Wow, that link is amazing! I had never head about immortal cell lines before, that's pretty strange and cool. I love it when people post links like that.

The irony is they're immortal because they're cancer cells. I don't want to achieve immortality as a tumour.
 
Wow, that link is amazing! I had never head about immortal cell lines before, that's pretty strange and cool. I love it when people post links like that.


You're welcome. I just figured that since the OP wasn't really talking about immortal things, someone had to. :D
 
So what is this 'scientific' hypothesis supposed to explain, and how is it falsifiable?
dlorde,
- Just to be sure we're talking about the same thing, what I'm calling the "scientific" model, or hypothesis, is that we selves/souls/individual awarenesses have -- at most -- just one short life to live in all of eternity (if there be such a thing as "eternity").
- This is more of an evidentiary description than it is an explanation.
- It describes what appears to be the human "lot." Scientifically, anything more seems to be wishful thinking.

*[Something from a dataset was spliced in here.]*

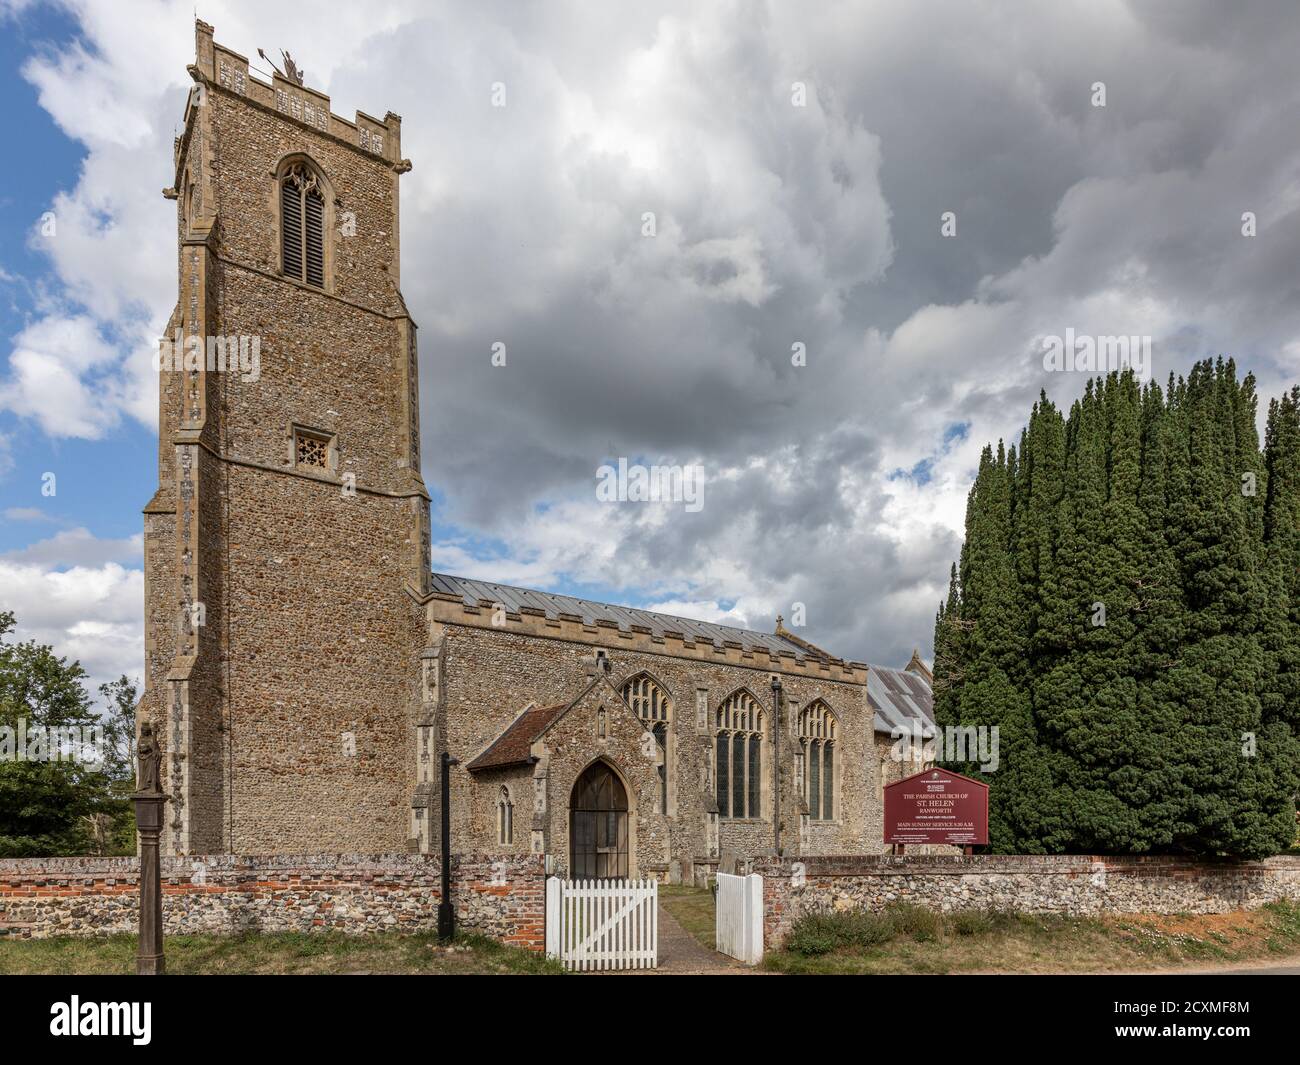 St Helen's Church, Ranworth. Dating back to 1450, the grade I listed church of St Helen is often called ‘The Cathedral of the Broads’. Stock Photo

- But, I'm claiming that it's "falsifiable" via Bayesian statistics. If the numbers I've inserted into the formula are correct, this "scientific" model is essentially impossible.
- But, that's where the real issues lie -- are my numbers correct?
--- Jabba
 
I don't think it's good usage of the word Scientific to apply it to a position on whether or not undetectable entities (i.e. souls, or what ever you want to call them) are, or are not, spatially or temporally bounded. Surely the "Scientific" view would be to say that the question is unscientific and move on to something more productive?